Il presidente Trump è il primo leader americano che ha destabilizzato il comportamento stereotipato dei leader politici americani da più di 30 anni. Il presidente Trump, che alcuni considerano un populista, promuove ferocemente gli interessi nazionali, e il suo internazionalismo è fortemente apprezzato dai suoi sostenitori i quali credono che prendersi cura degli interessi del popolo americano non sia qualcosa che si possa rimproverare a un leader politico. Certo, ci sono accordi negoziati a livello internazionale che gli Stati Uniti hanno denunciato, anche alcuni che possono avere conseguenze importanti per l’Unione europea, e con ciò, in particolare l’accordo di Parigi, ma anche l’accordo con l’Iran sulla più recente denuncia della componente nucleare da parte della Stati Uniti e del trattato missilistico con la Russia. Tutti questi fatti possono generare controversie e persino insicurezza nello spazio europeo. La Russia, gli Stati Uniti e la Cina sono i principali attori della scena internazionale, e io oso dire la Cina, a causa del loro particolare sviluppo dell’economia che tende a diventare a volte il principale attore al mondo.
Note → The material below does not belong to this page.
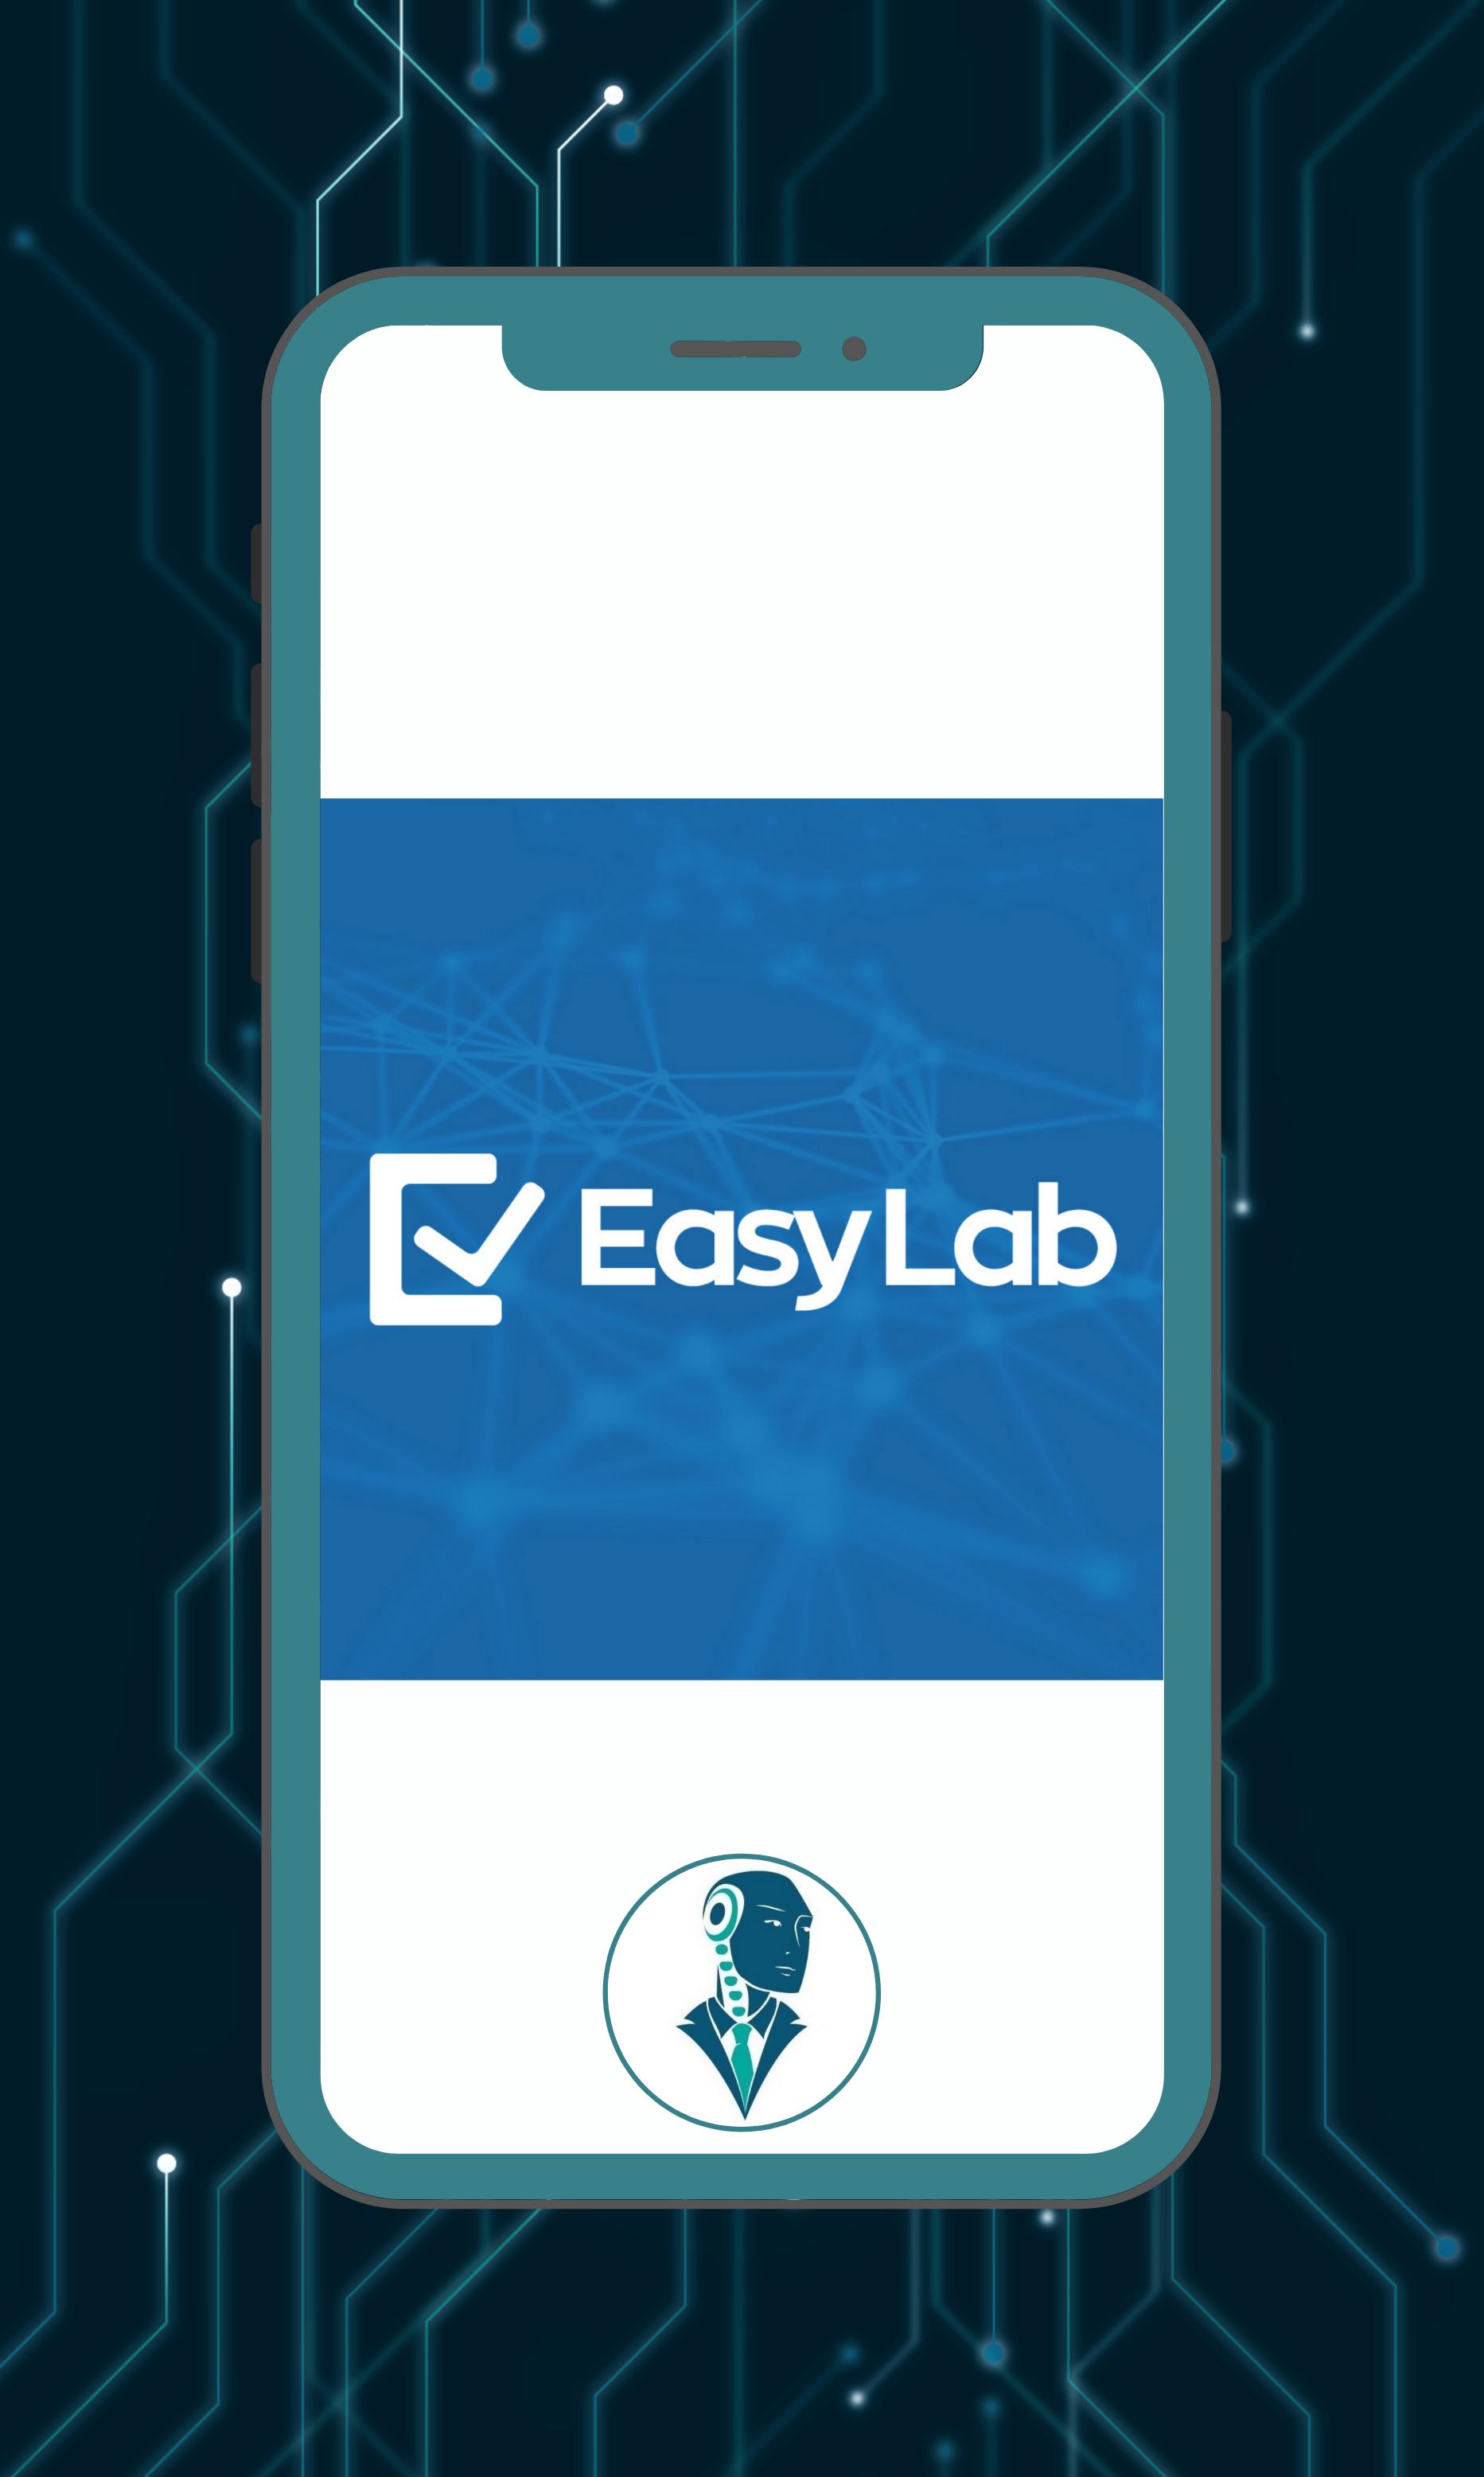 Easy Lab Srl

Penso che le tensioni tra questi poteri siano molto difficili da conciliare nel contesto dell’allineamento degli interessi dell’UE con gli interessi di questi specifici stati, e questo è diventato sempre più visibile nella disputa pubblica tra i leader europei, gli Stati Uniti, la Russia e la Cina. Guardando oltre questa realtà è importante che ogni stato consolidi la propria economia, essendo questa una delle condizioni principali di un’Europa sociale. Non si può pretendere un livello di vita migliore, non si può raggiungere la realizzazione di principi di uguaglianza e equità tra i cittadini finché uno stato non è in grado di fornirli, quindi credo che sia importante agire per rafforzare gli interessi nazionali. Non penso, per esempio, che l’Italia dovrebbe evitare di concludere accordi commerciali bilaterali con altri stati, se i suoi interessi sono a beneficio dei cittadini italiani. È molto difficile a questo punto valutare quale sarà la conseguenza di queste tensioni generate da crisi ripetute e soprattutto da quelle economiche. Speriamo di dovere solo affrontare conflitti riguardo la promozione dei nostri rispettivi interessi piuttosto che quelli relativi alla pace globale.
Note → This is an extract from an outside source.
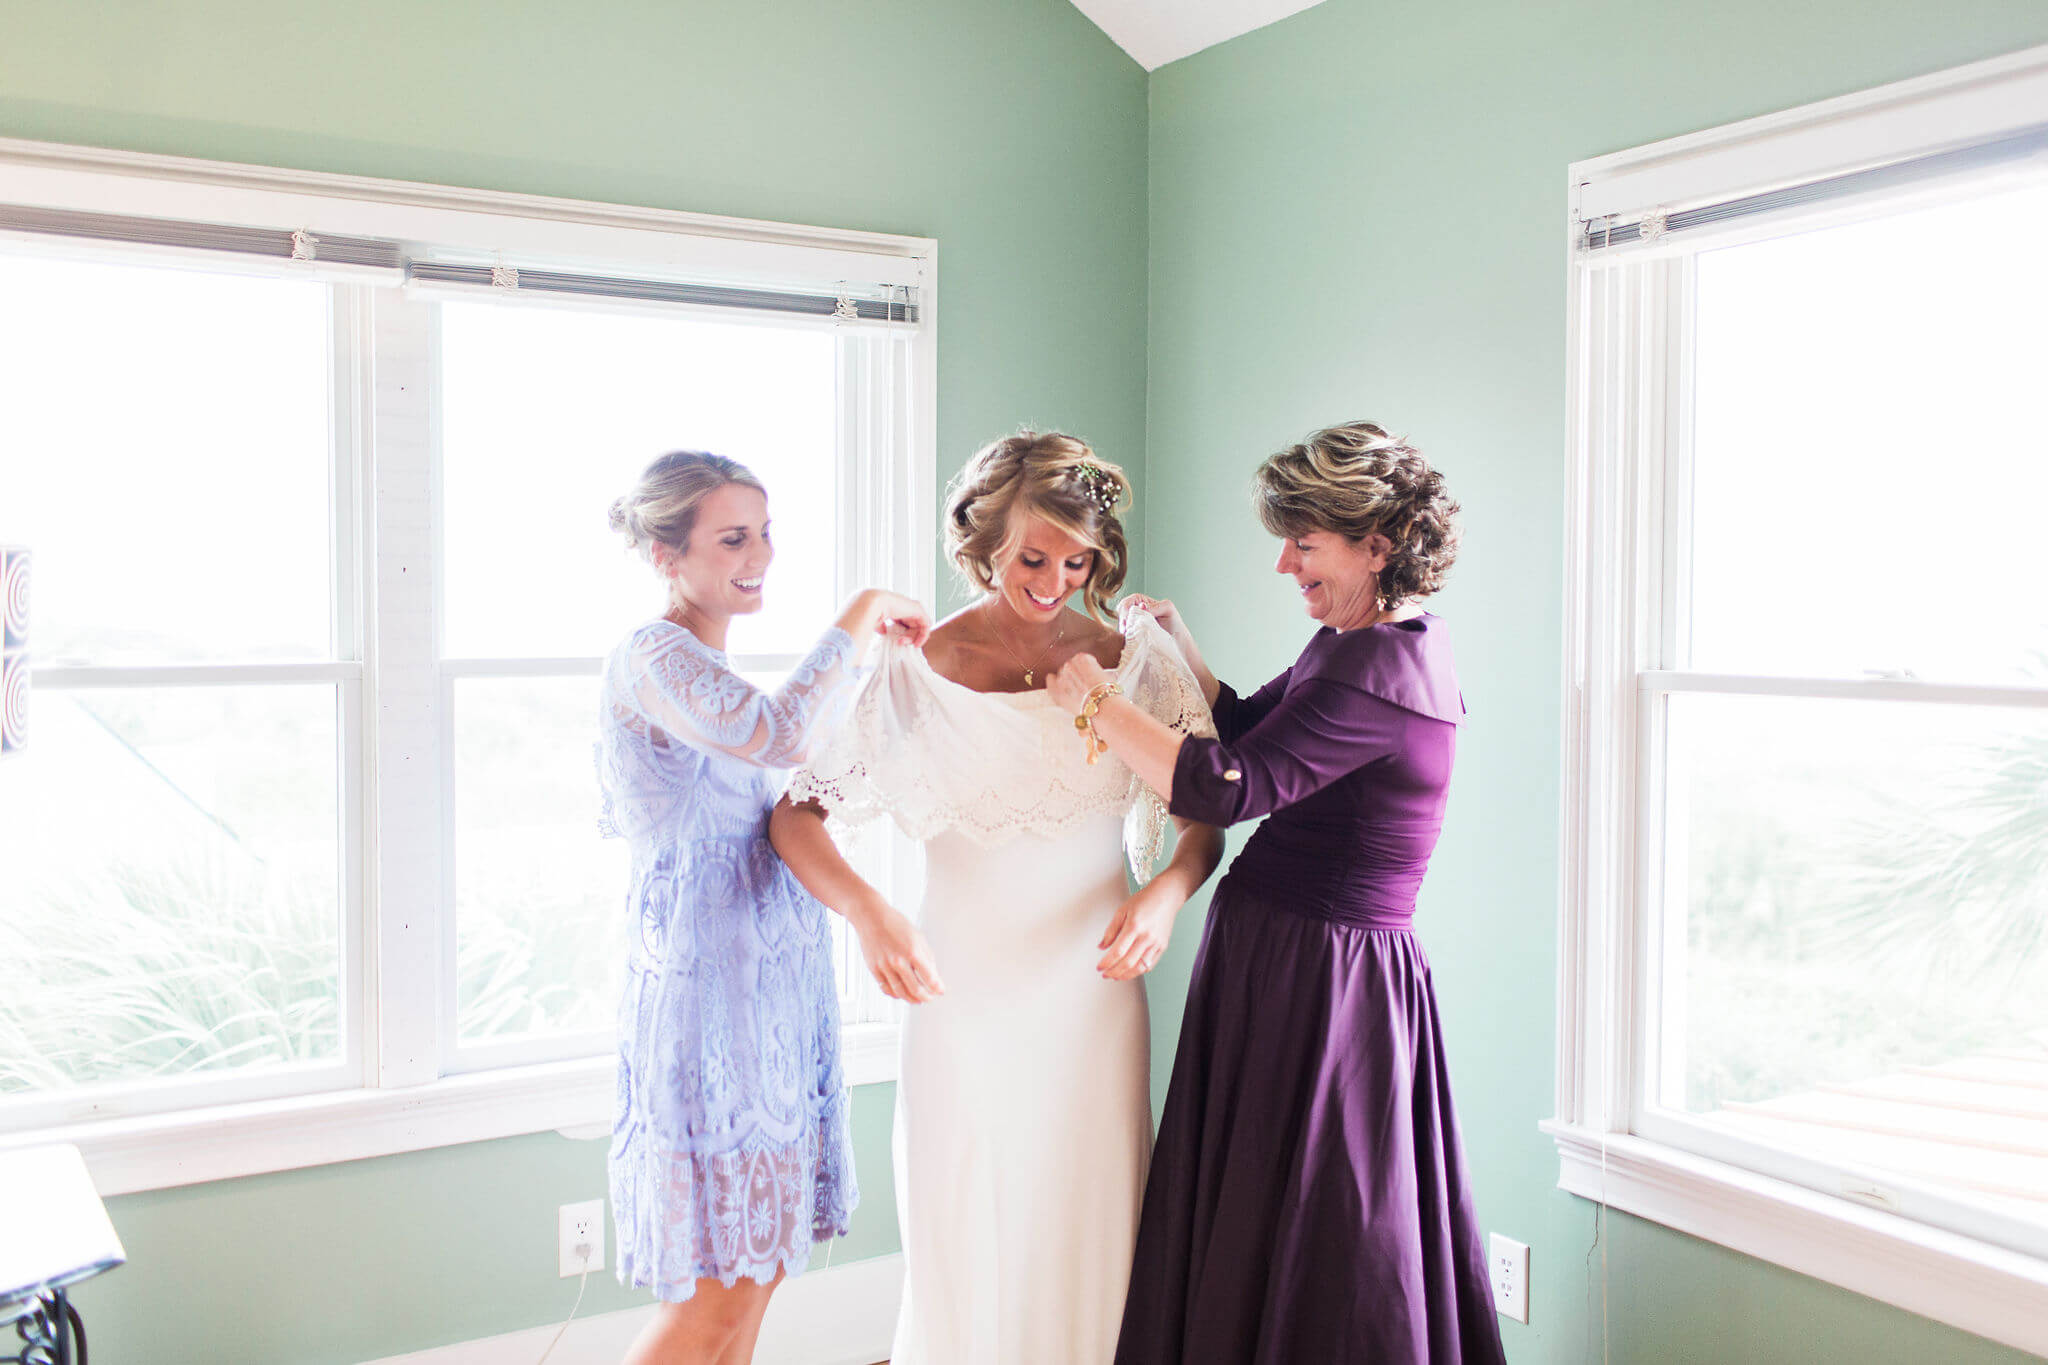 Apt-b-photography-savannah-wedding-photographer-savannah-tybee-island-wedding-134.JPG

Dove dovrebbe migliorare l’Europa per aumentare la percezione e la coesione dei cittadini nello spirito comunitario?

Si discute molto sulla necessità di democratizzare le istituzioni europee. Indubbiamente, sia il Parlamento che il Consiglio, devono trovare soluzioni per una procedura più rapida e trasparente per l’adozione di una legislazione che sia allineata con gli interessi dei cittadini. Non dobbiamo dimenticare che questa costruzione europea è stata fatta per i suoi cittadini. Se l’Europa vuole esistere, deve rimanere una Europa dei cittadini e non solo il risultato del dialogo tra i governi. Le voci dei cittadini sono espresse attraverso il voto, attraverso le loro scelte politiche in ciascuno Stato membro. Ciò deve essere rispettato in particolare dall’Unione europea, credo che il Parlamento Europeo dovrebbe avere un maggior numero di iniziative legislative rispetto alla Commissione Europea, poiché sono gli elettori a scegliere i propri rappresentanti. Molti politici ricordano gli interessi dei propri elettori, l’obbligo di consultarli, purtroppo solo durante le campagne elettorali e questo rappresenta una vulnerabilità per un’organizzazione di cui tutti noi abbiamo scelto di far parte. Tuttavia, le nostre scelte e le scelte dei cittadini europei sono condizionate e basate sul rispetto con cui trattiamo ciascuno Stato membro e ogni governo degli Stati membri.